En l’absence d’assises théoriques provenant d’études antérieures au sujet du processus d’ouverture de ces écoles au Québec et de cette forme particulière d’implication collective des parents, c’est une théorie normative de la gouvernance qui a été choisie comme cadrage théorique. Il s’agit de la théorie de la gouvernance réflexive élaborée par Jacques Lenoble, Marc Maesschalck et leur équipe du Centre de philosophie du droit (CPDR) de l’Université catholique de Louvain. Elle a été, par la suite, adaptée au domaine de l’éducation par Christine Brabant, professeure-chercheure en administration de l’éducation à l’Université de Montréal et chercheuse associée au CPDR. Cette théorie est issue des sciences sociales et de la philosophie politique pragmatique. Ses propositions éthiques et philosophiques renvoient à un idéal de référence d’un point de vue politique et démocratique.

12 Afin d’alléger le texte, je nommerai les groupes de parents qui œuvrent à l’ouverture d’une école

Dans ce chapitre, nous définirons premièrement le concept général de gouvernance pour ensuite présenter la théorie de la gouvernance réflexive. Nous expliciterons à ce moment en quoi les bases de cette théorie normative proposent un idéal démocratique qui favorise l’expression des acteurs collectifs et leur prise de pouvoir dans le système démocratique. Nous énoncerons deuxièmement quelques caractéristiques de la gouvernance réflexive, soit son pragmatisme, son contextualisme et sa réflexivité. Troisièmement, nous préciserons le processus d’apprentissage de l'action collective et politique des acteurs de la base qui, selon la conception de Maesschalck (2005), est nécessaire à la prise en charge du changement par les acteurs.
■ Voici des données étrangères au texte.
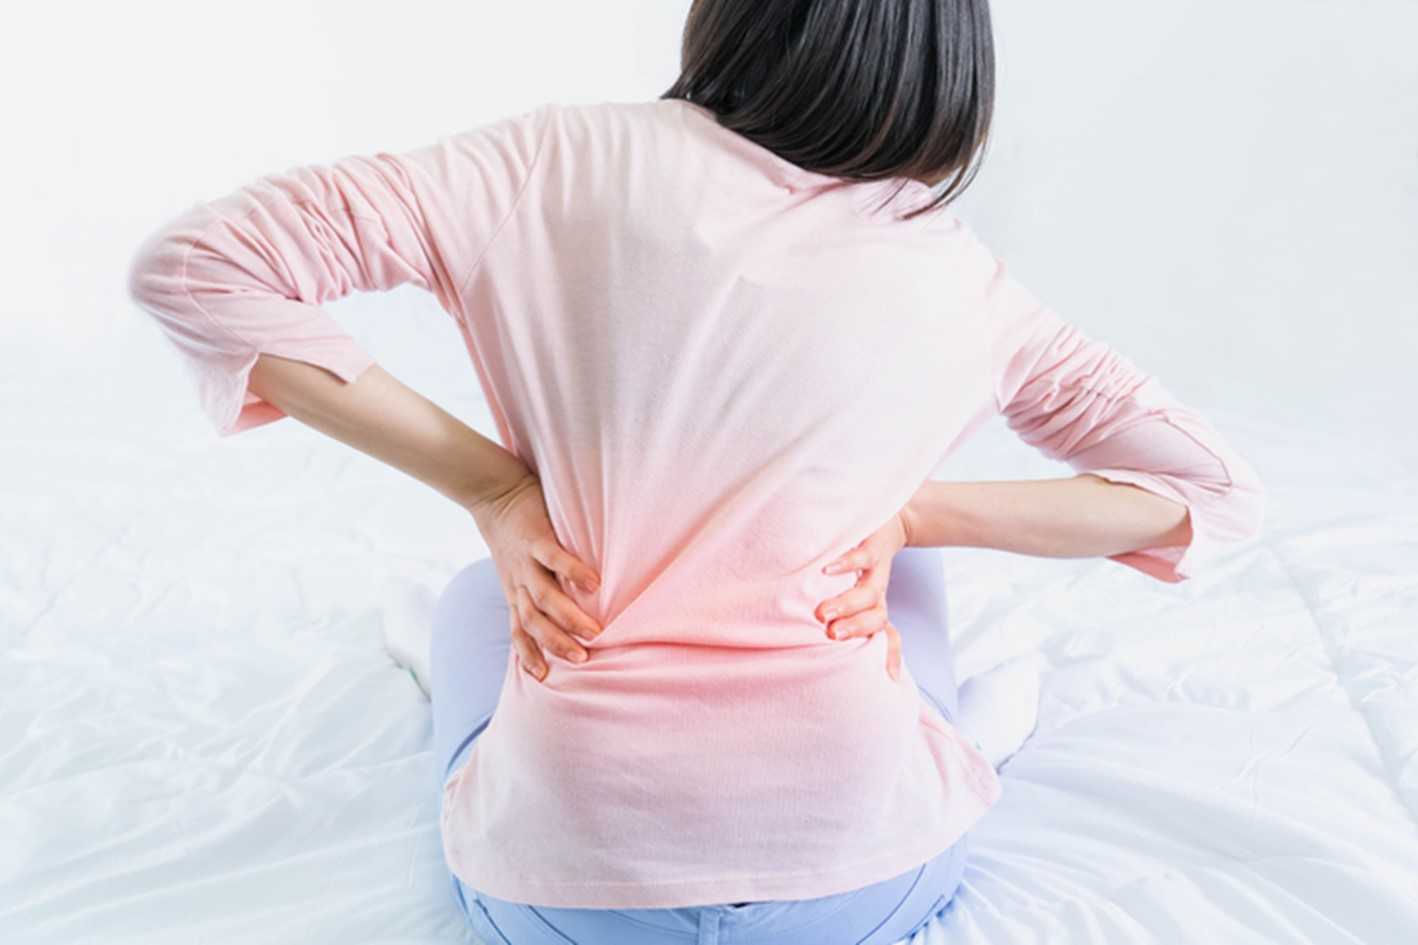 Ejercicios que debemos evitar para aliviar el dolor de espalda

Quatrièmement, les principes d’opacité, d’ignorance et d’exception (Maesschalck, 2005) exposeront la fragilité qui découle de la position du sujet en relation avec l’institution. Finalement, nous présenterons une analyse des limites et des contraintes des dispositifs institutionnels actuels de participation des parents du point de vue des propositions de démocratie et de gouvernance réflexive de Maesschalck, ce qui mènera à nos objectifs spécifiques de recherche.